How Orangutans Make (Comfy) Beds
An orangutan peeks out of her nest in the Sumatran forest. (All photos by Adam van Casteren)
You climb high up into the trees, where the view is just stunning, and select the perfect spot for a hammock.
Then, expertly, you pull branches across each other, half-breaking them so they stay attached to the trunk but can be woven together as bed springs. Then you tear off smaller, leafy branches and weave them together for your mattress, and then line the hammock with comfy leaves.

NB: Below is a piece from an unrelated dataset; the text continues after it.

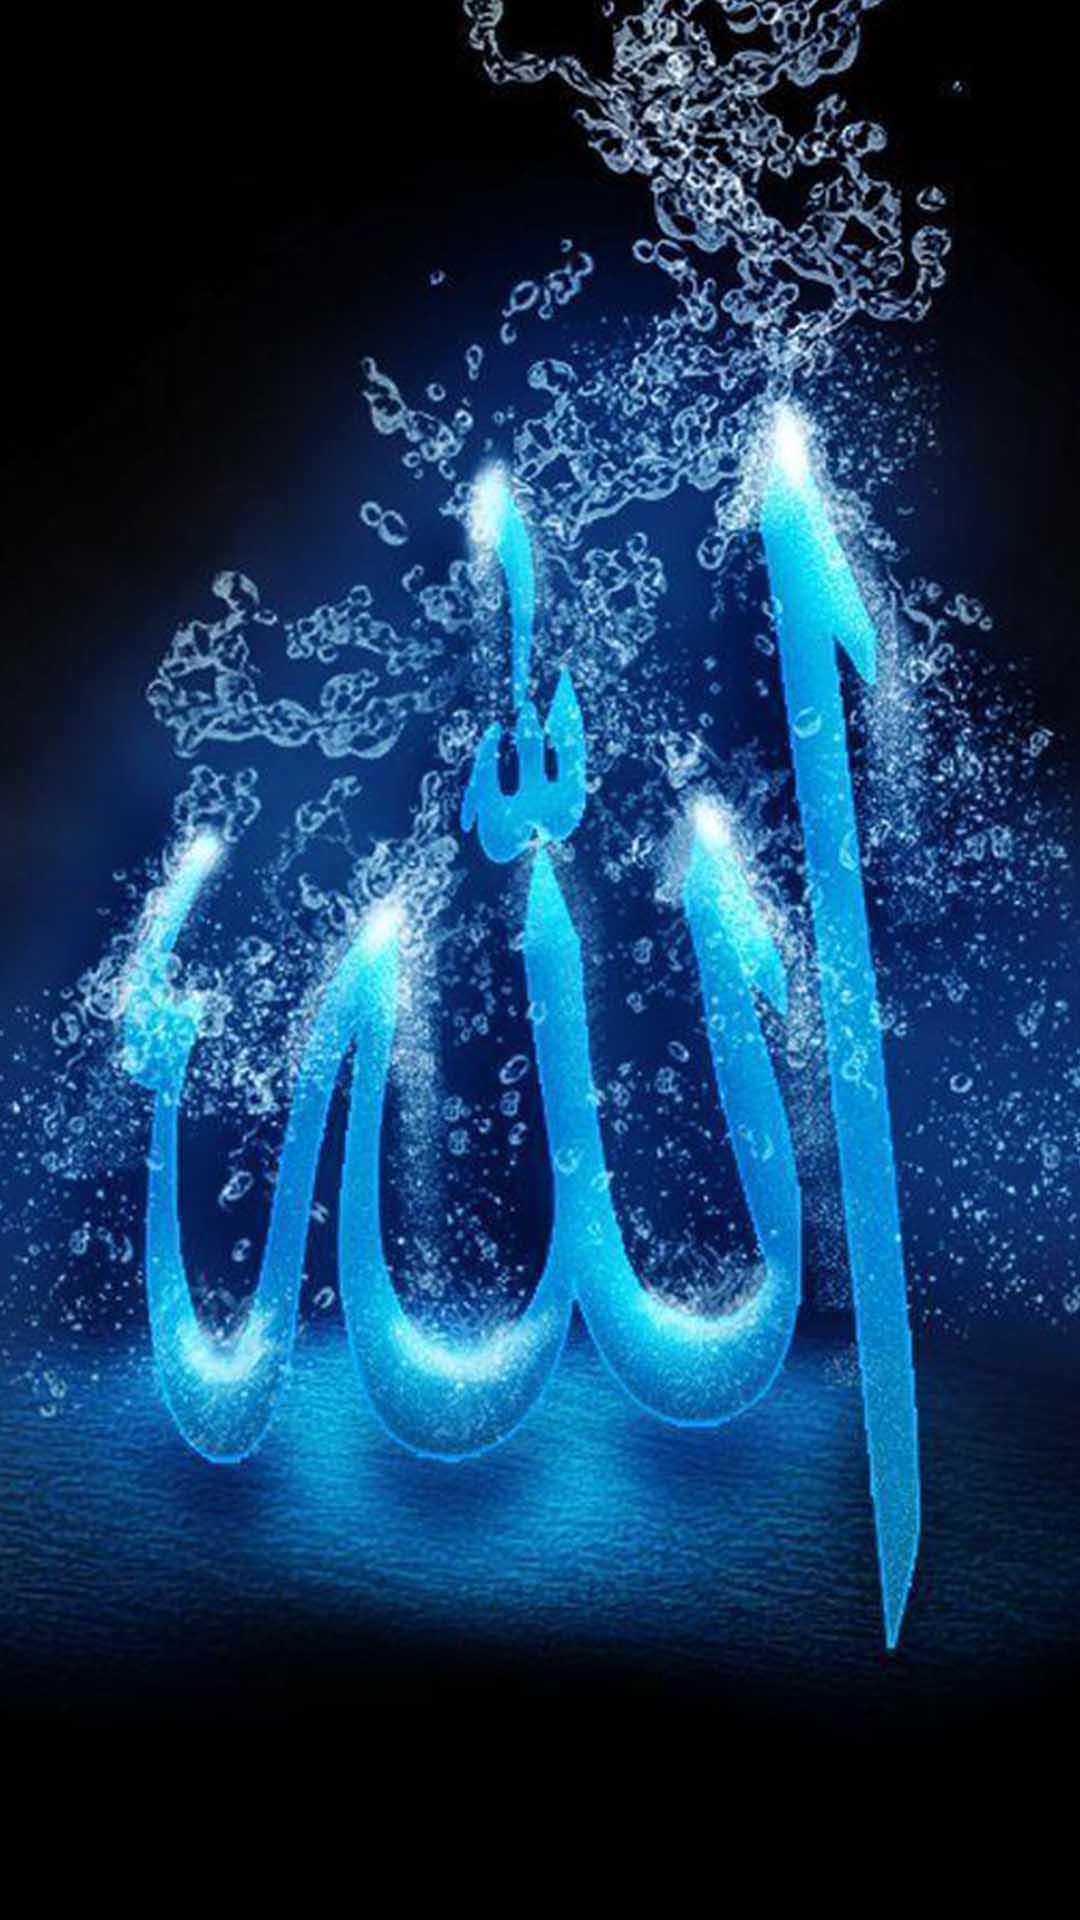 Islamic Wallpaper Allah Background Oneplus 7 8 Mi 9 - Islamic Allah - HD Wallpaper
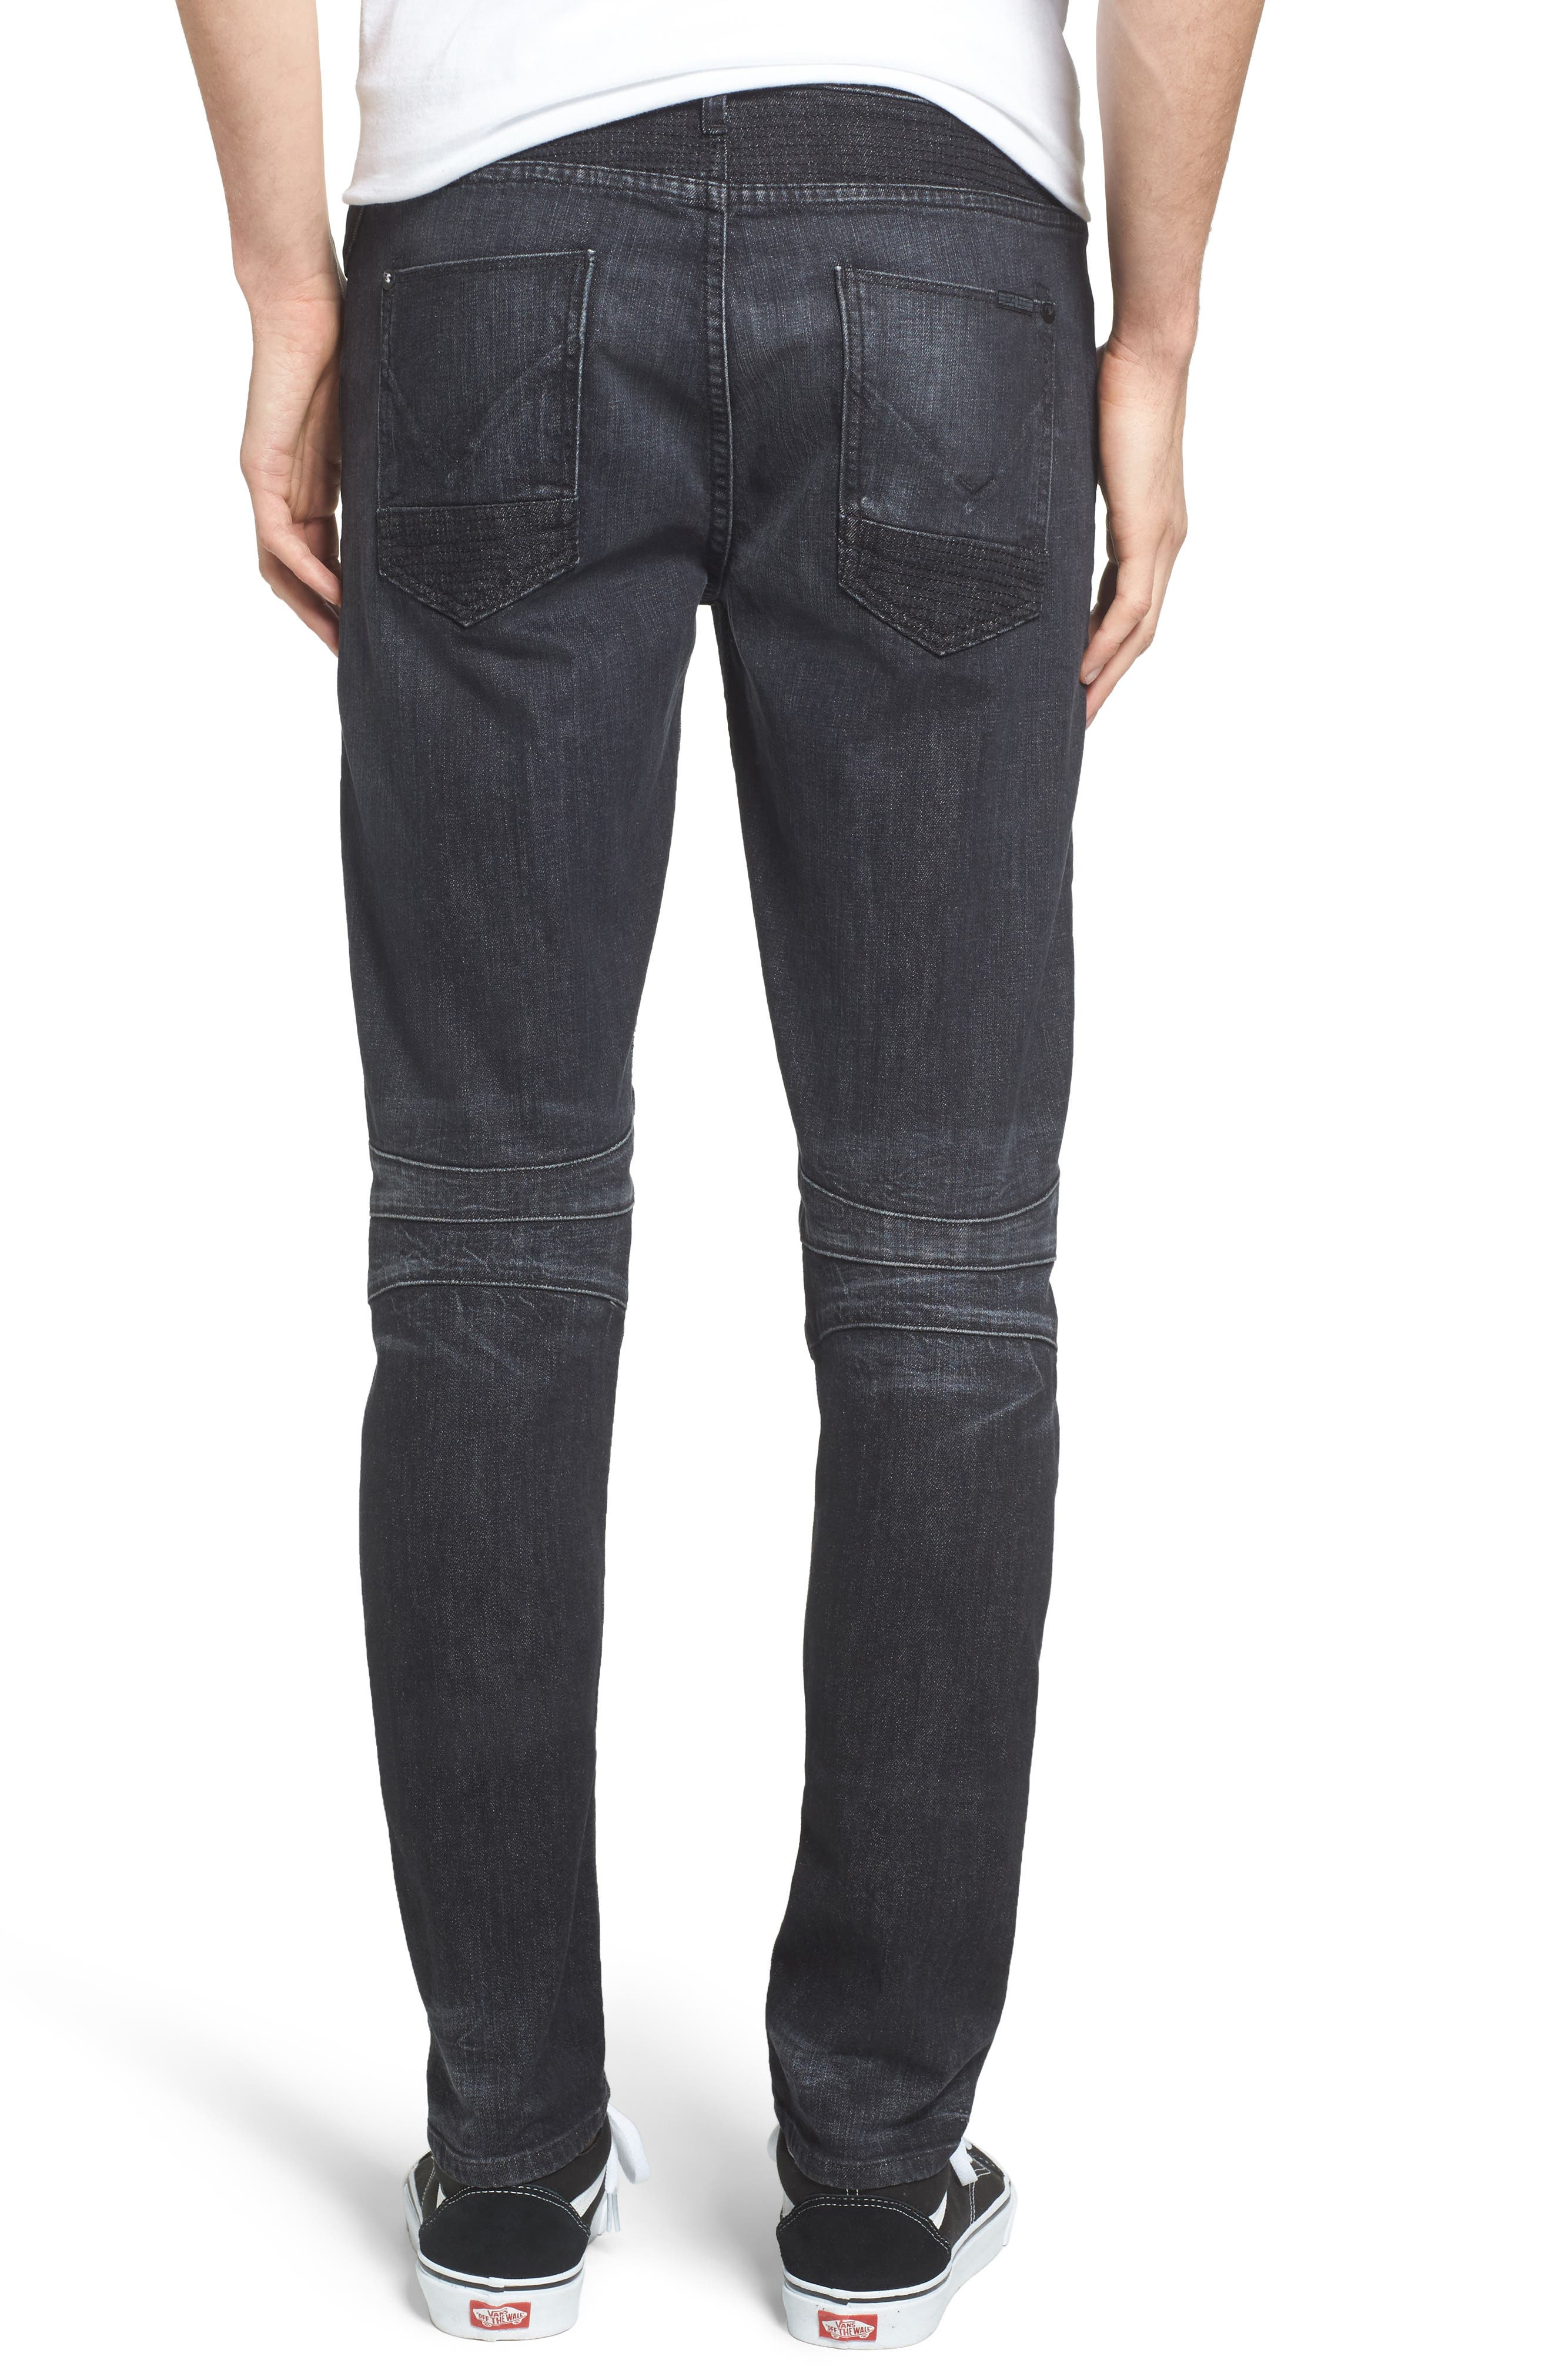 Blinder Skinny Fit Moto Jeans,                             Alternate thumbnail 2, color,                             Sparring 2

All in all, it’s taken you about 10 minutes, and then you just climb in for a good night’s sleep. (Orangutans sleep for about 14 hours.)And that’s your nightly routine if you’re an orangutan in the forests of Indonesia. Your beds are perfectly engineered. And they don’t even need laundering. After all, since you’ll likely have found a new place to hang out tomorrow night, you can just make a new bed wherever you are.
A team of researchers worked in the forest for a year, following some of the orangutans and studying nests that had been abandoned. They discovered that these great apes construct large, oval nests in the canopy, up to 5 feet long and 3 feet wide, and capable of supporting large males, who can weigh up to 250 pounds, or a mother and child.
A typical orangutan nest being measured by the researchers
The orangs choose strong, rigid branches for the structural parts, and weaker, more pliable branches for the lining. The branches chosen for the framework are cleverly snapped halfway across so they remain firmly attached to the tree. Sometimes they also create a roof made of big leaves to protect them from the rain.
Sometimes, while they’re out on a day hike through the forest and they’ve just had lunch, they’ll build a quick day bed for an afternoon nap.
The scientists involved in the study were especially interested in the fact that the talent for building nests is more than just instinctive. Young orangs learn from their parents, and they go on to develop more inventive nests. Biologist Dr. Roland Ennos, of Manchester University, said orangutans possess clear engineering expertise. He said the same applies to birds, too:
“Through field observations, recent research into the woven nests of African weaver birds has demonstrated that, although there may be evidence for a genetic element of nest building, there is also evidence for improved constructions and construction behavior through nest-building experience.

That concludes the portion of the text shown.